UNITED STATES SECURITIES AND EXCHANGE COMMISSION
Washington, D.C. 20549
FORM 10-K/A
(Amendment No.1)
☒ ANNUAL REPORT UNDER SECTION 13 OR 15(d) OF THE SECURITIES EXCHANGE ACT OF 1934 (FEE REQUIRED)
For the fiscal year ended December 31, 2017
☐ TRANSACTION REPORT UNDER SECTION 13 OR 15(d) OF THE SECURITIES EXCHANGE ACT OF 1934 (NO FEE REQUIRED)
For the transaction period from ________ to ________
Commission file number 000-50385
GrowLife, Inc.
(Exact name of registrant as specified in its charter)
Delaware (State or other jurisdiction of incorporation or organization) | 90-0821083 (I.R.S. Employer Identification No.) |
5400 Carillon Point
Kirkland, WA 98033
(Address of principal executive offices and zip code)
(866) 781-5559
(Registrant’s telephone number, including area code)
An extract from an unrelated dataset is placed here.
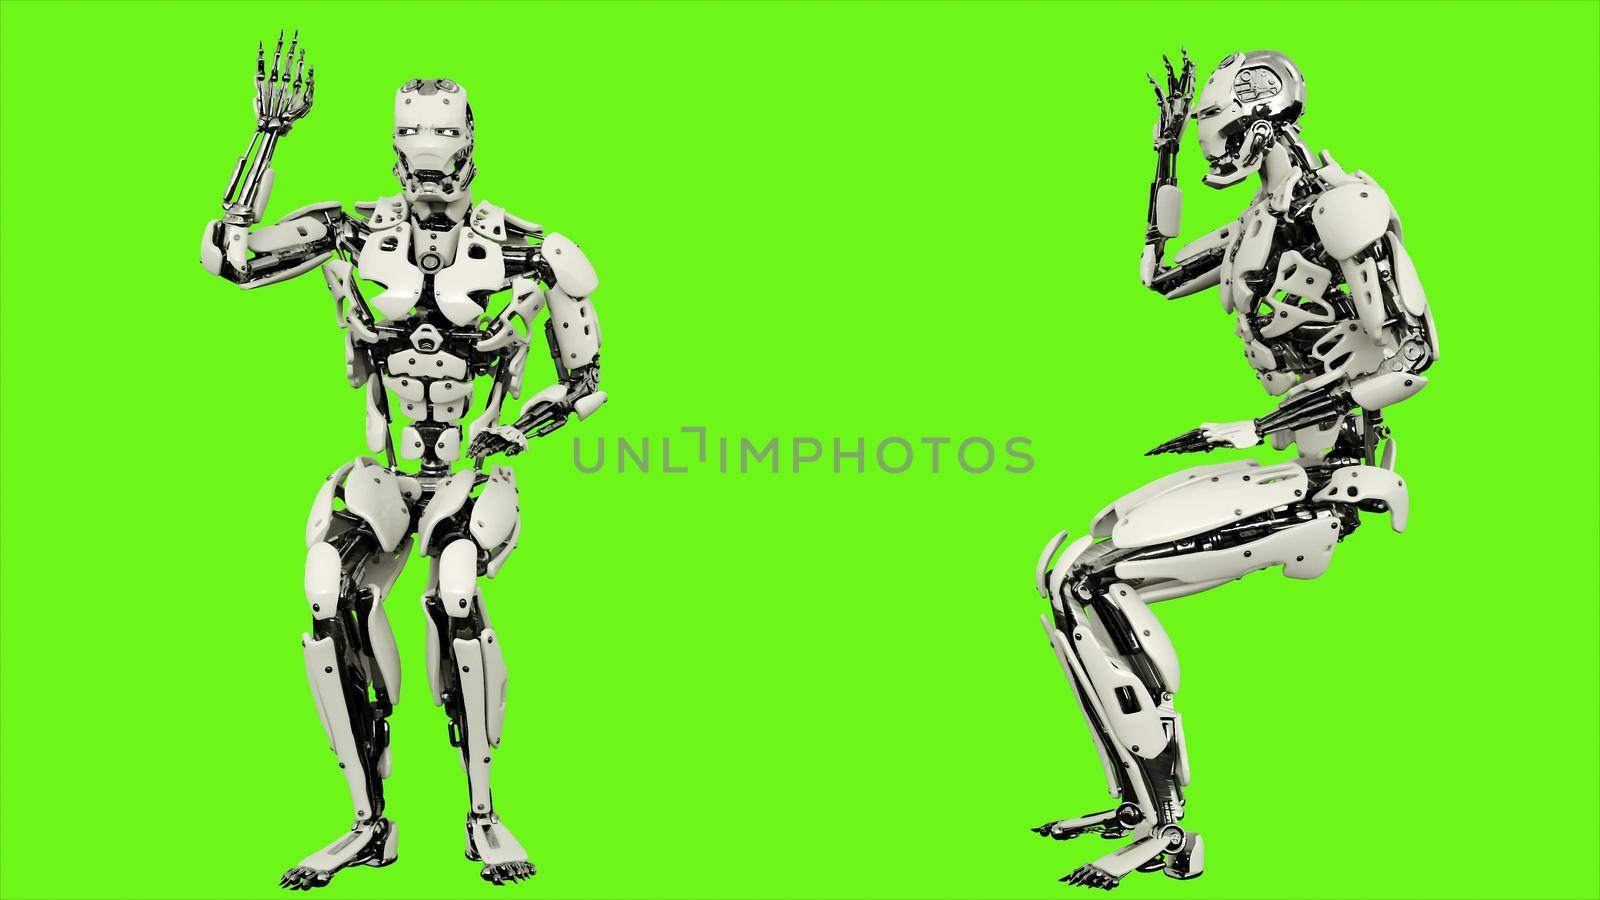 Robot android is asking question. Illustration on green screen background.

Indicate by check mark whether the registrant (1) has filed all reports required to be filed by Section 13 or 15(d) of the Securities Exchange Act of 1934 during the preceding 12 months (or for such shorter period that the registrant was required to file such reports), and (2) has been subject to such filing requirements for the past 90 days. Yes ☒ No ☐
Indicate by check mark whether the registrant has submitted electronically and posted on its corporate Web site, if any, every Interactive Data File required to be submitted and posted pursuant to Rule 405 of Regulation S-T (§232.405 of this chapter) during the preceding 12 months (or for such shorter period that the registrant was required to submit and post such files). Yes ☒ No ☐
Indicate by check mark whether the registrant is a large accelerated filer, an accelerated filer, a non-accelerated filer, smaller reporting company, or an emerging growth company. See the definitions of “large accelerated filer,” “accelerated filer”, “smaller reporting company”, and “emerging growth company” in Rule 12b-2
Large accelerated filer | ☐ | Accelerated filer | ☐ |
Non-accelerated filer | ☐ (Do not check if a smaller reporting company) | Smaller reporting company | ☒ |
| | Emerging growth company | ☐ |
If an emerging growth company, indicate by check mark if the registrant has elected not to use the extended transition period for complying with any new or revised financial accounting standards provided pursuant to Section 13(a) of the Exchange Act. ☐
Indicate by check mark whether the registrant is a shell company (as defined in Rule 12b-2 of the Exchange Act). Yes ☐ No ☒
As of June 30, 2017 (the last business day of our most recently completed second fiscal quarter), based upon the last reported trade on that date, the aggregate market value of the voting and non-voting common equity held by non-affiliates (for this purpose, all outstanding and issued common stock minus stock held by the officers, directors and known holders of 10% or more of the Company’s common stock) was $14,662,328.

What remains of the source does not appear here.